Appreciate any support from readers here, and wishing you a wonderful day,
Ahmad


----------



## KeeDa (Sep 1, 2014)

Welcome to the forums, Ahmad.

The list is already out there: https://www.comlaw.gov.au/Details/F2015L01059

However, the ceiling values have not been published yet. But, since your occupation is there on the list, you can rest easy now.

1- You should have submitted the EOI at the first opportune moment (i.e. when you became eligible). That way, you would have got yourself a place in the queue and got invited at the earliest in this current year. But, its never too late. Go ahead and file the EOI. Yes, you are right- in case if the occupation ceiling has reached, your EOI remains in the pool and gets picked up when the ceiling value is reset.

2- It already is open. Just that the numbers not published yet.
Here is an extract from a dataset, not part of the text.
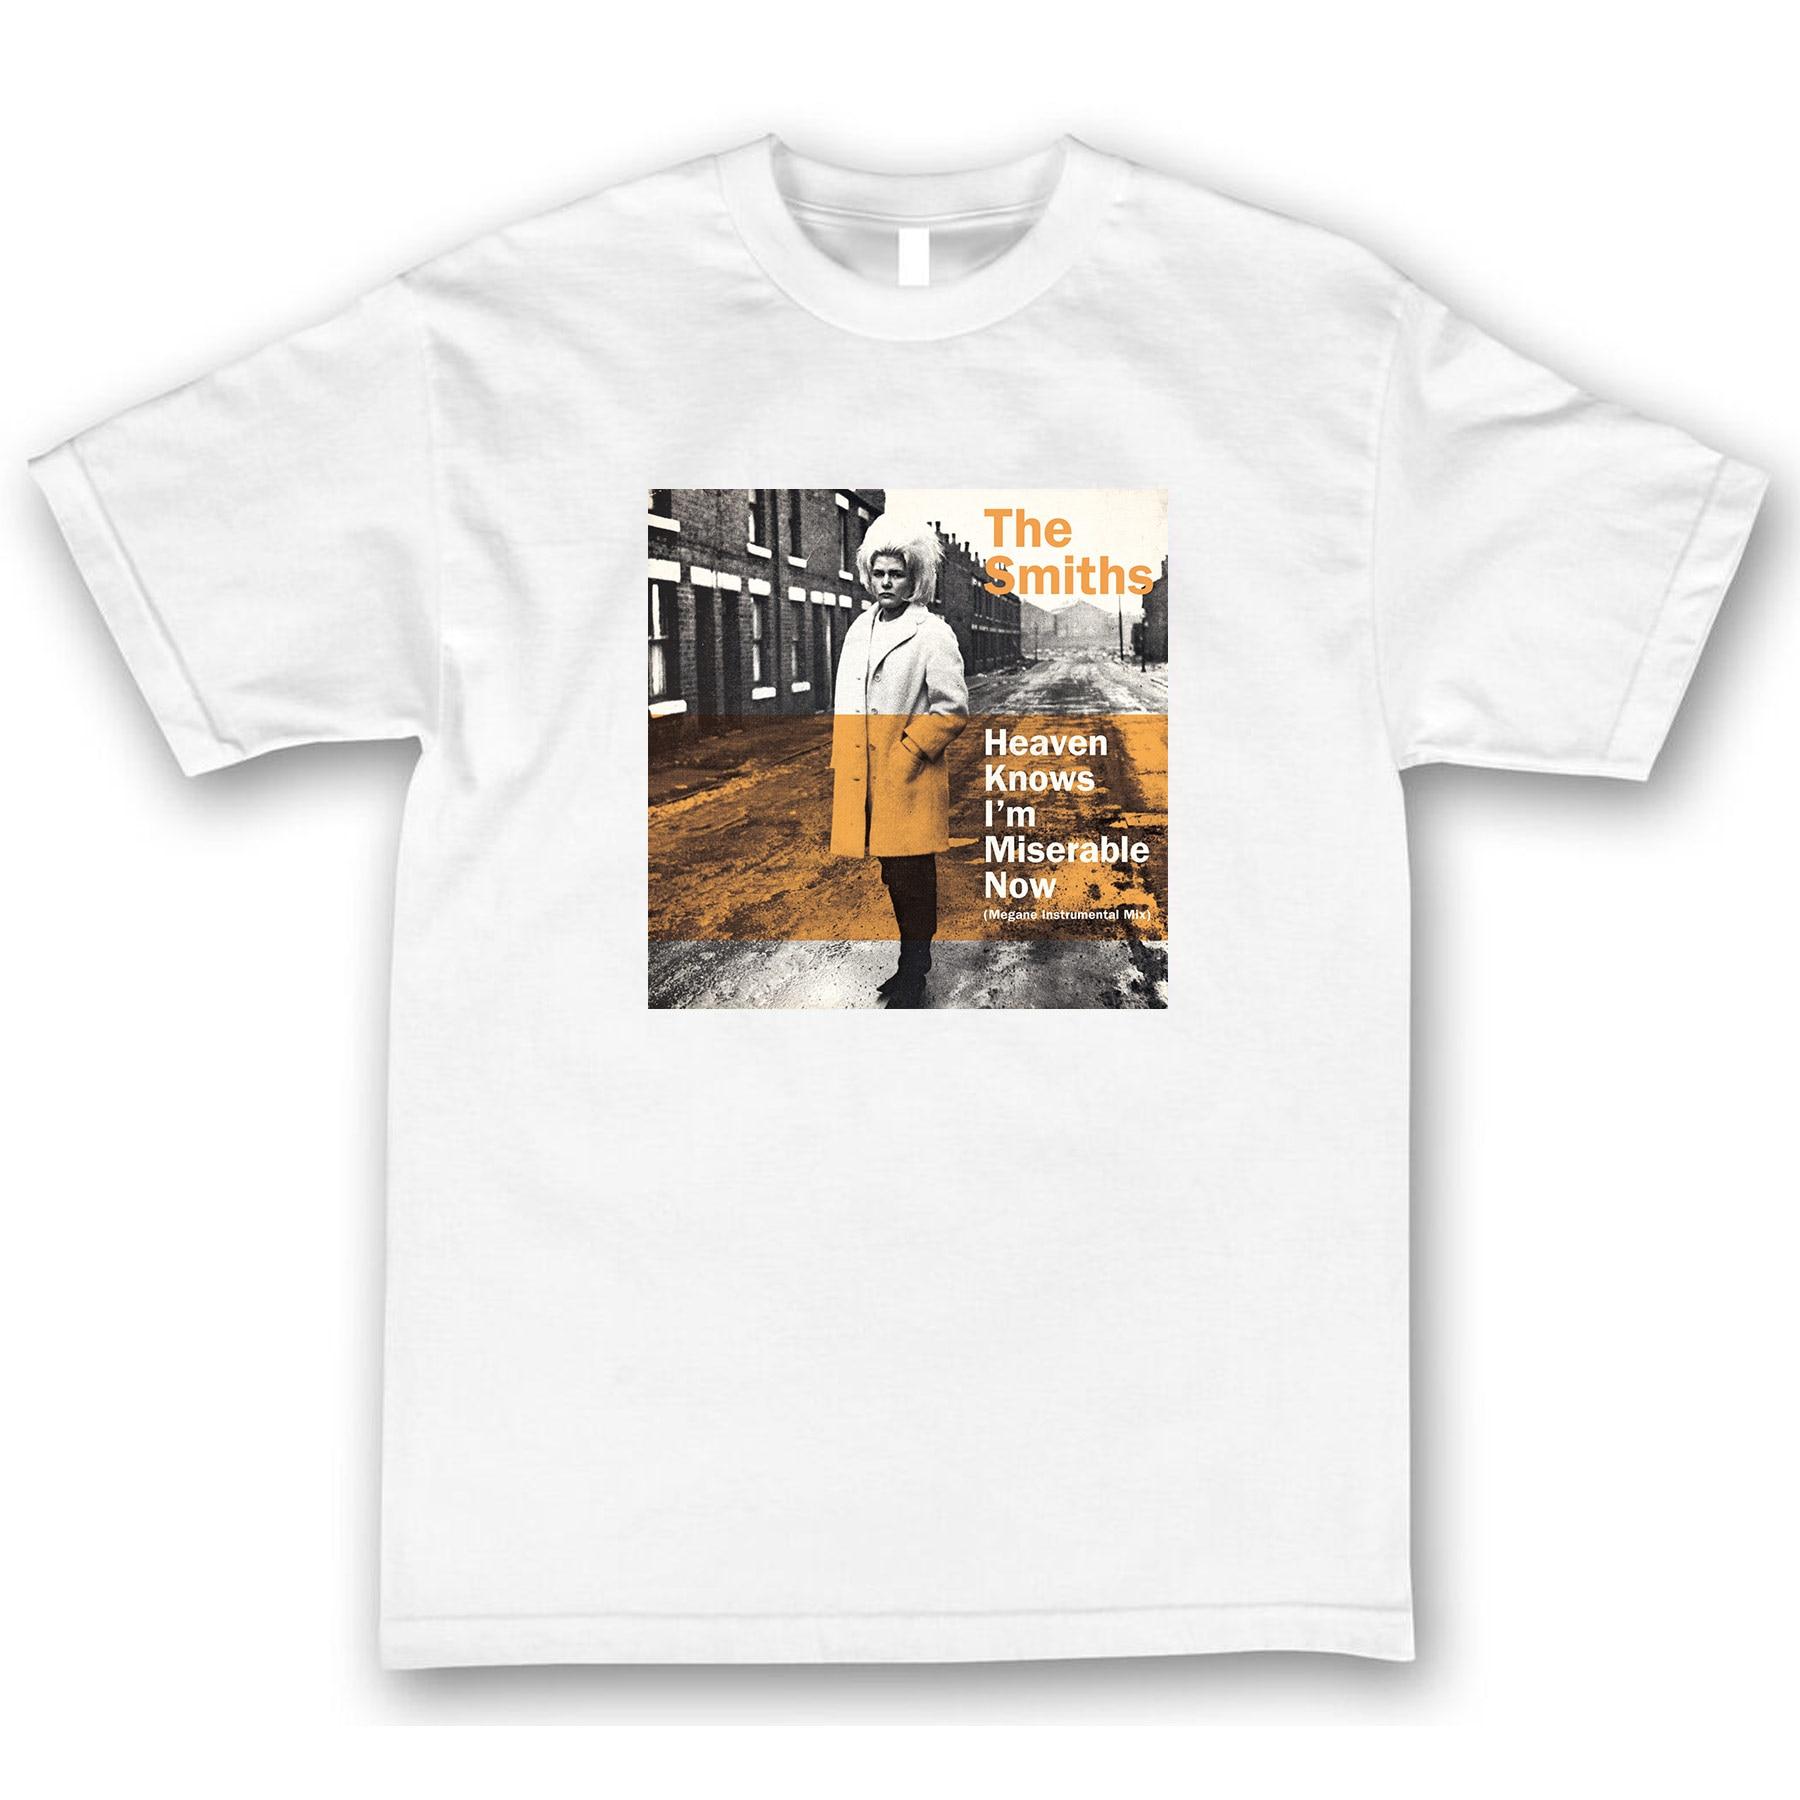 Der Schmiede Himmel Weiß Ich bin Miserable Jetzt T-shirt T-shirts Morrissey
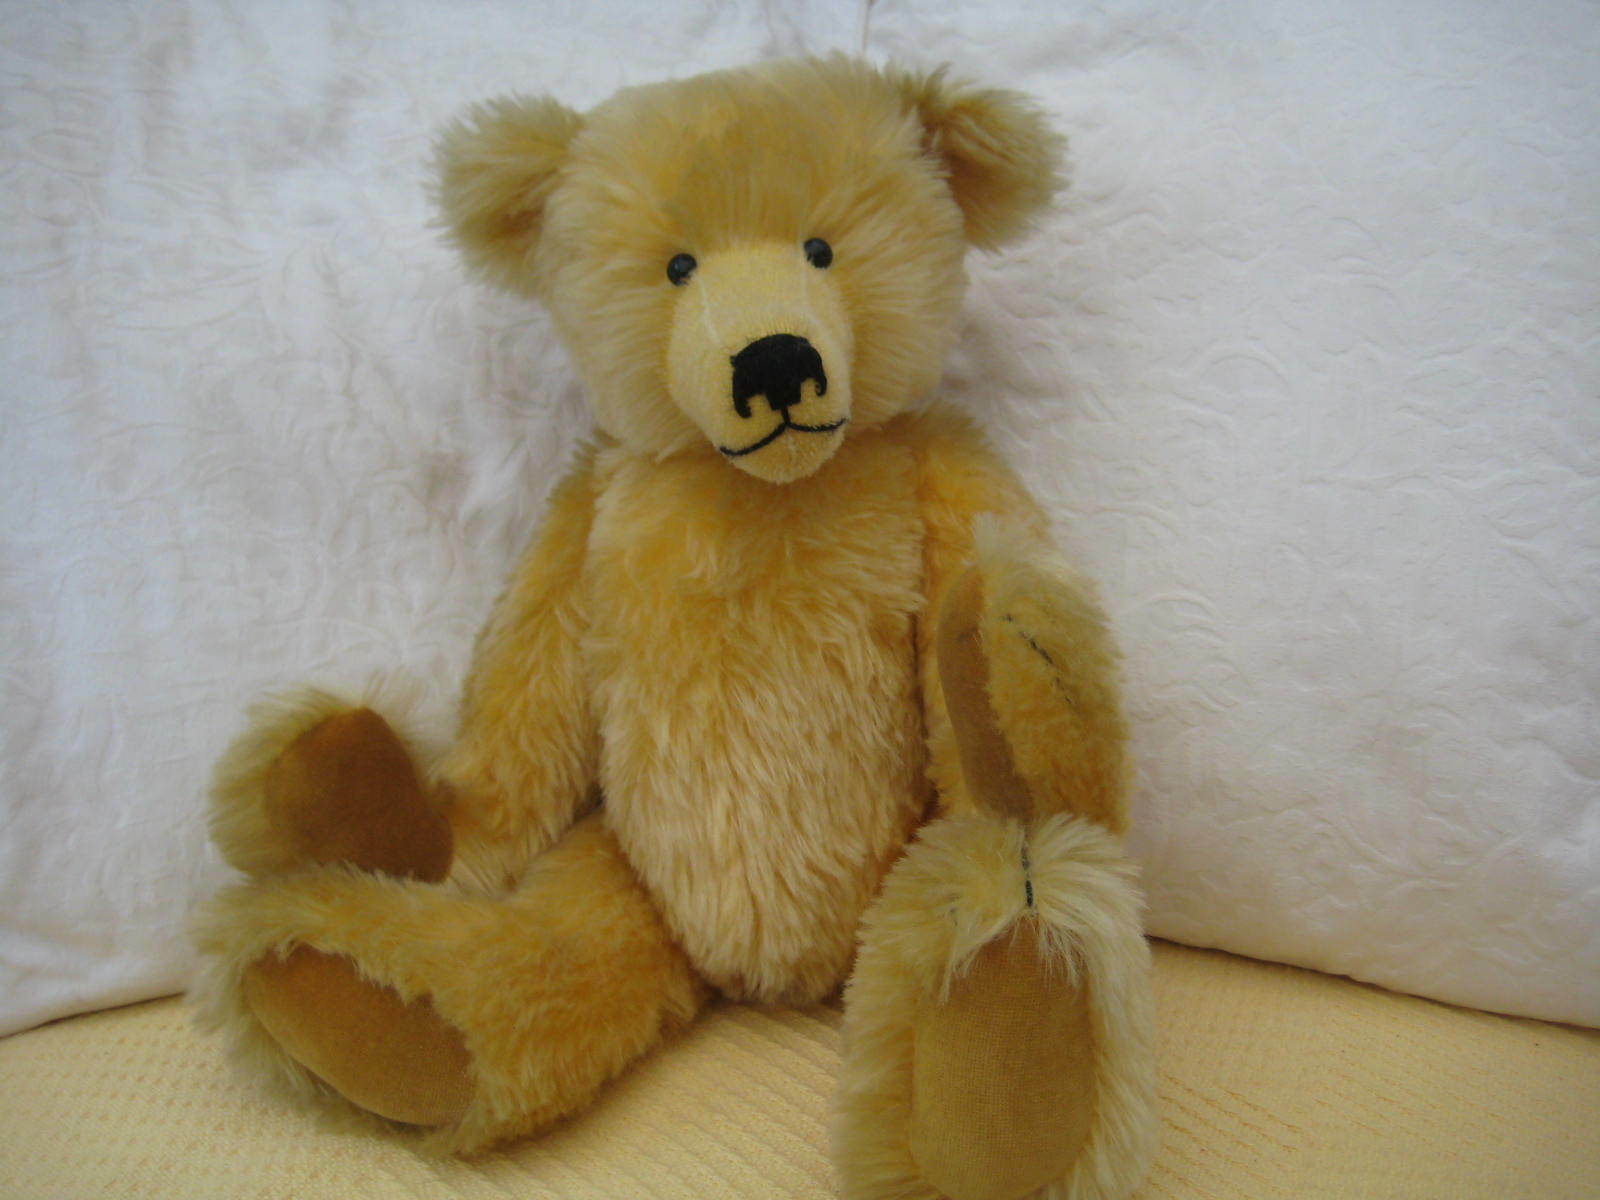 ASQUITHSBEAUTIFUL PRINCE RUPERT PROTOTYPE BEAR IN LUXURIOUS MOHAIR

And there is no specific pattern or date when they update that ceilings page. You will have to keep checking.

Once you file the EOI, make sure you join the thread http://www.expatforum.com/expats/au...australia/117201-eoi-submitted-club-2126.html to share your experiences/ questions and read other insightful posts from others.


----------



## Hamatosha (Jul 1, 2015)

Dear Keeda,

Thank you very much for your quick response, you have put my mind at ease .

I will proceed with submitting my application, as you said, better late than never.

Wishing you a wonderful day.

Best,
Ahmad


----------



## sourav.vik (Apr 18, 2015)

Hi guys,

I had filed my EOI in May under the subclass 189. However, with the latest SOL announced, I don't see any mention of the 189 subclass isa. It mentions 190 and others. I am just curious if they have removed the subclass 189 or not.

Any comments will be helpful. Have a wonderful day guys!


----------